» Dataset excerpt:
_ _ _ _ _ _ _

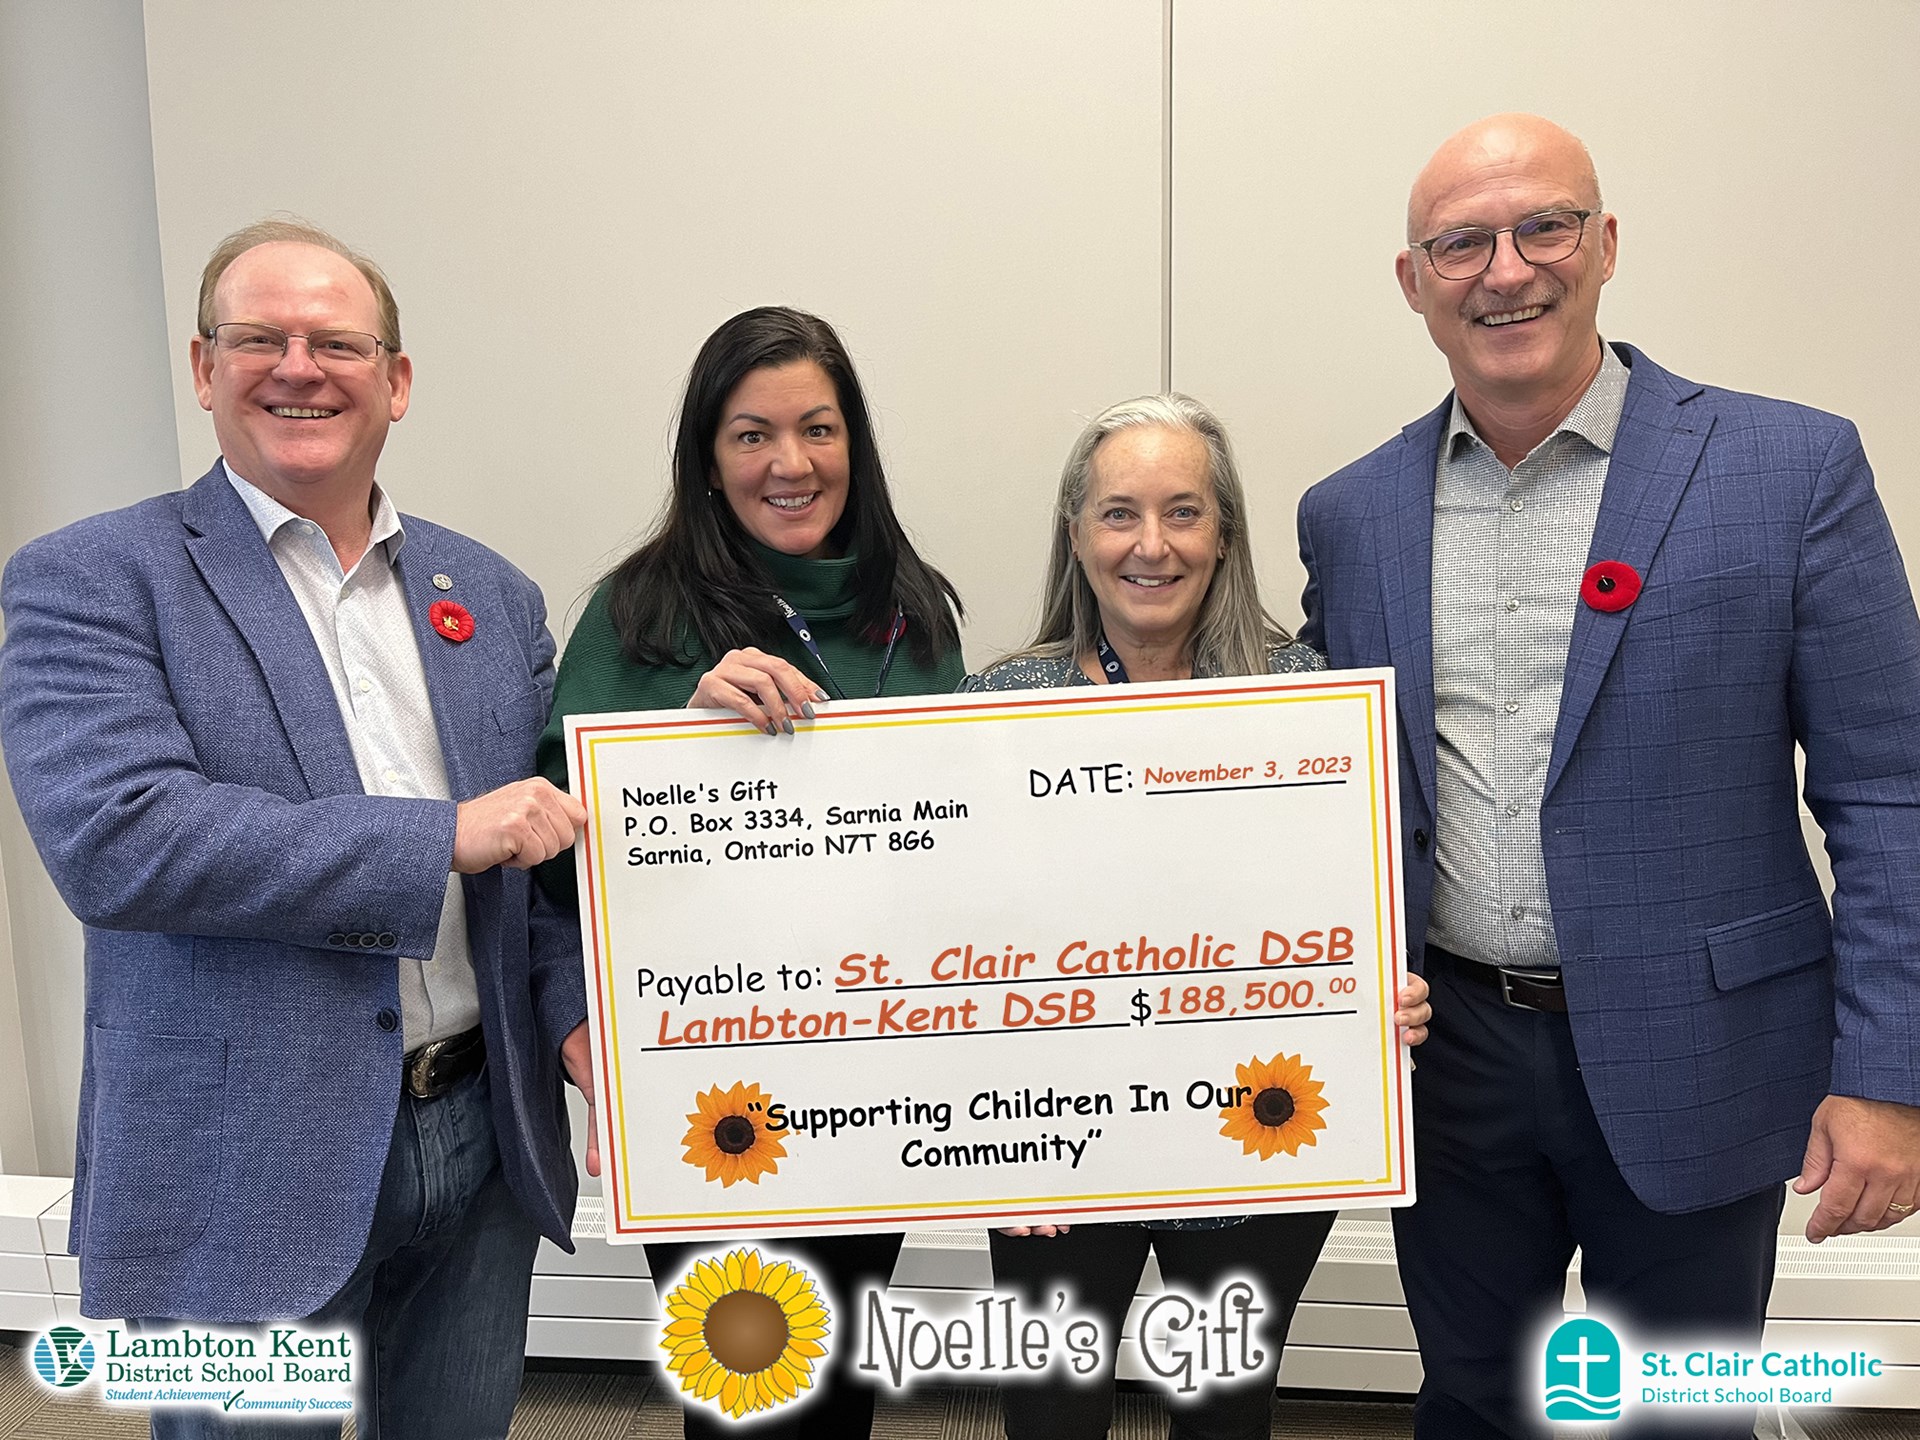 Noelle's Gift Cheque Presentation 2023 with Logos.jpg
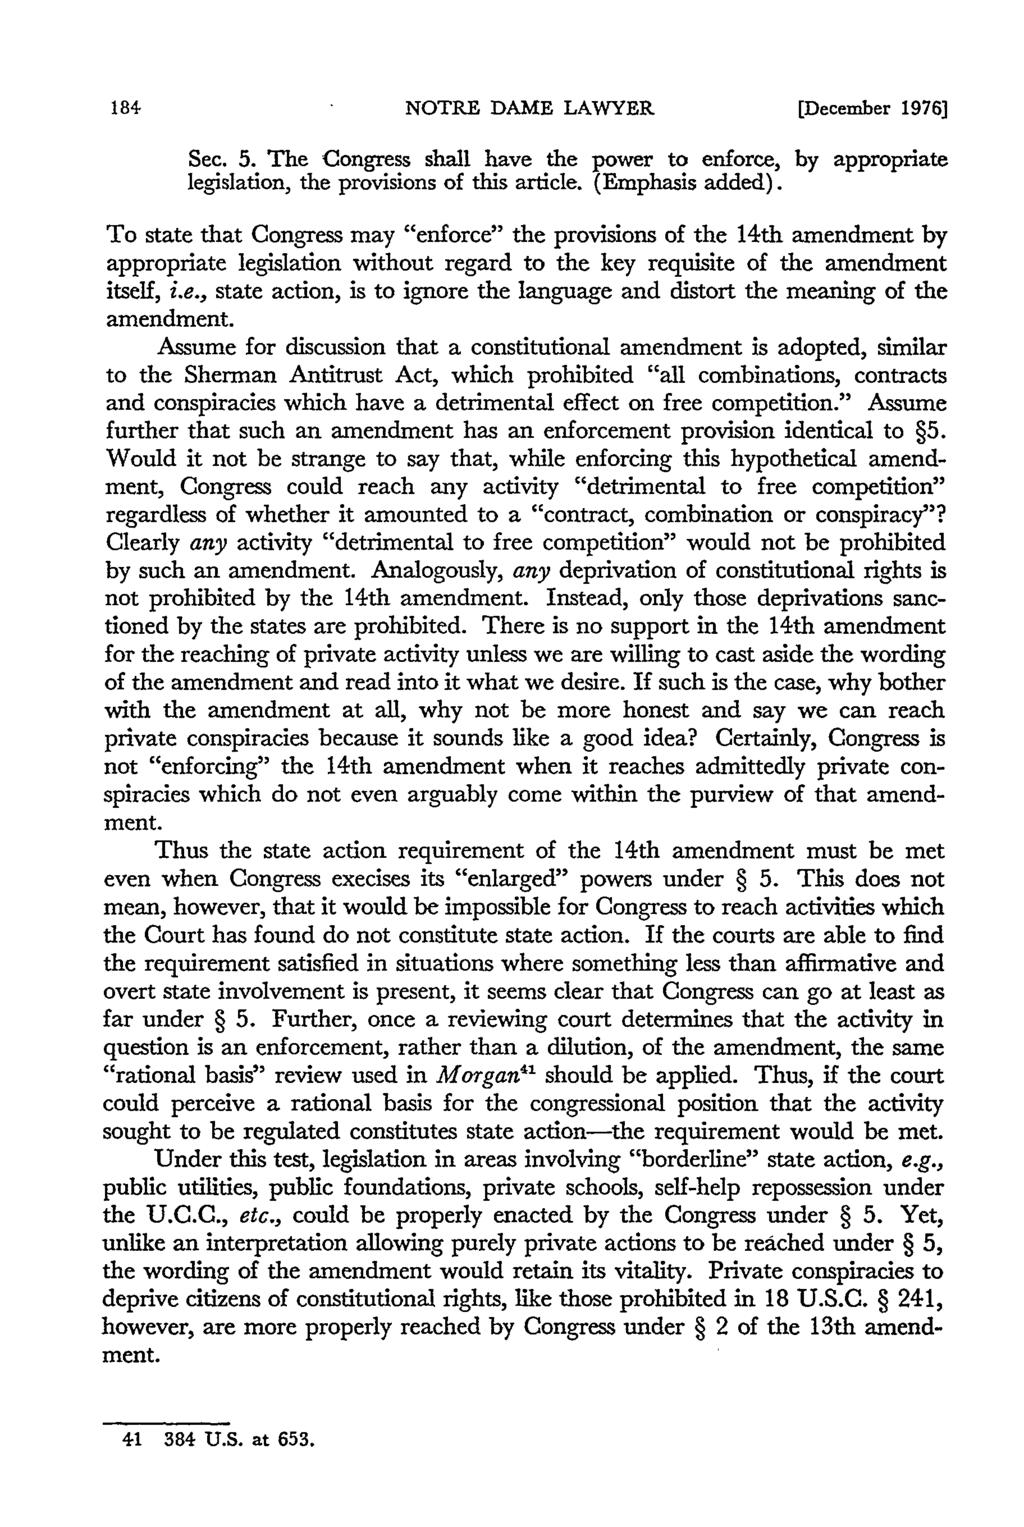 NOTRE DAME LAWYER [December 1976] Sec. 5. The Congress shall have the power to enforce, by appropriate legislation, the provisions of this article. (Emphasis added).
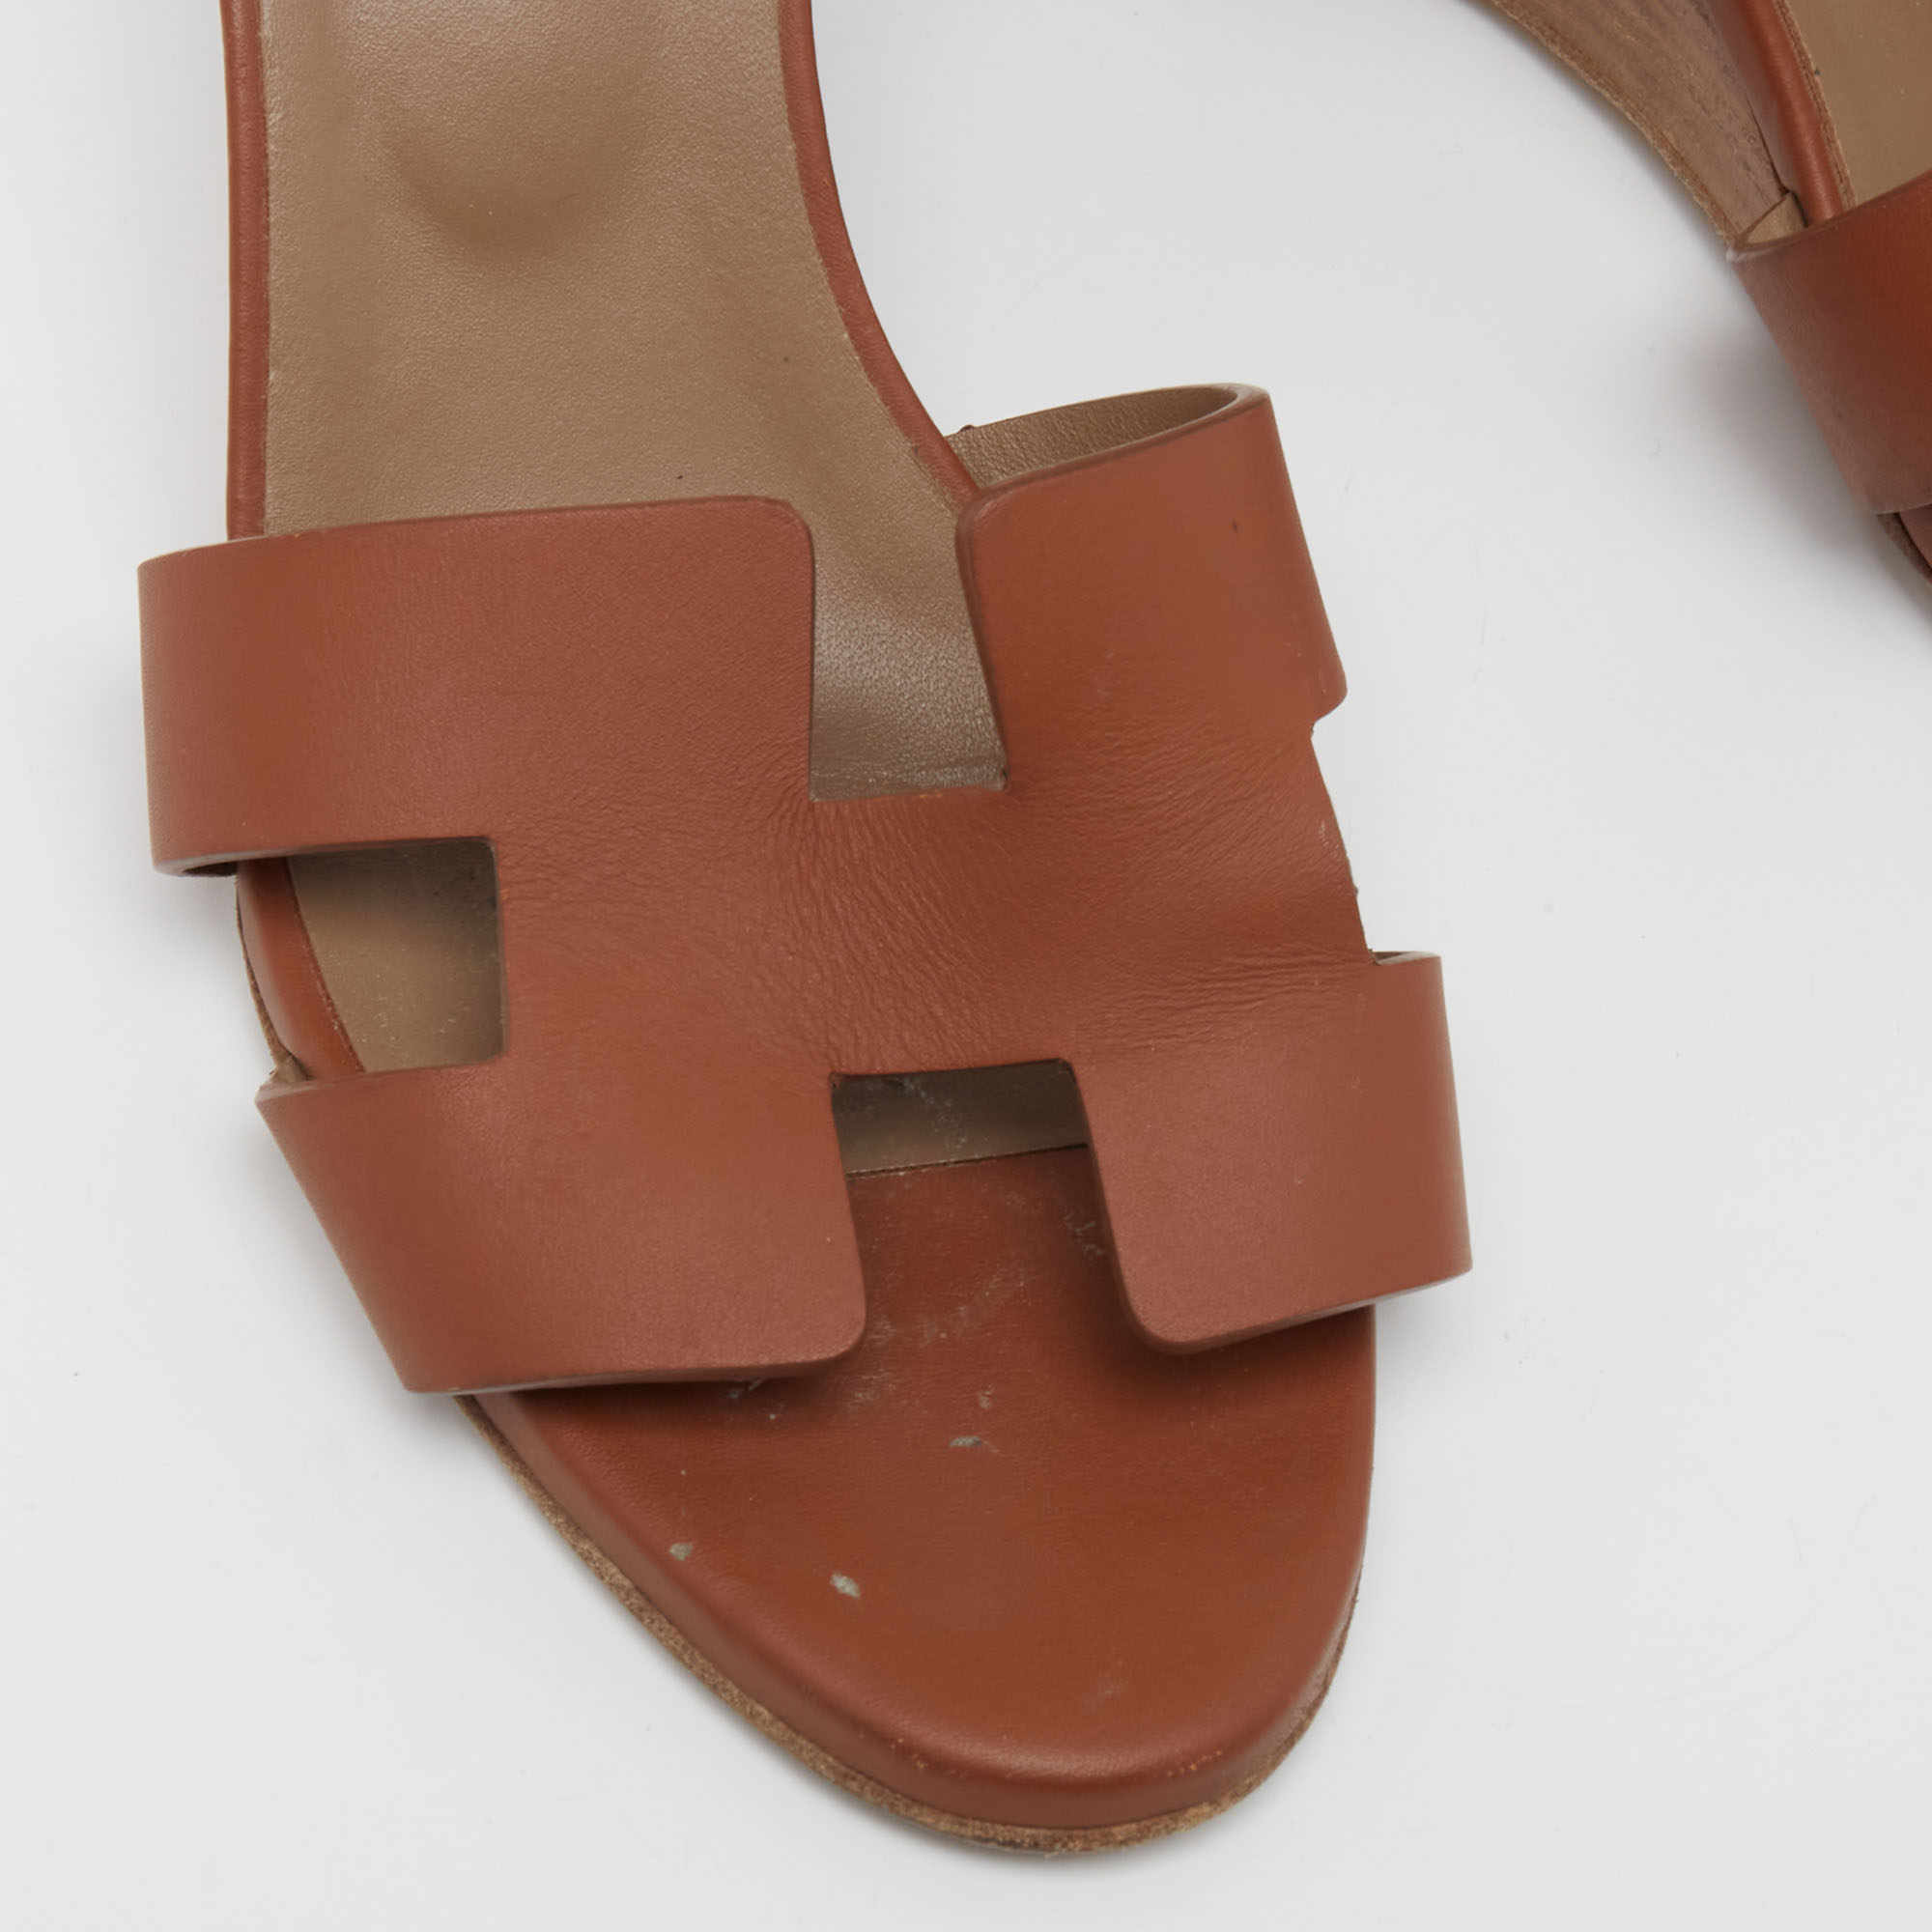 Hermes Brown Leather Legend Wedge Ankle Strap Sandals Size 38.5

_ _ _ _ _ _ _

» What to produce: Images are to be skipped, and each line above is to be returned exactly.

» Your solution:
 Noelle's Gift Cheque Presentation 2023 with Logos.jpg
 NOTRE DAME LAWYER [December 1976] Sec. 5. The Congress shall have the power to enforce, by appropriate legislation, the provisions of this article. (Emphasis added).
 Hermes Brown Leather Legend Wedge Ankle Strap Sandals Size 38.5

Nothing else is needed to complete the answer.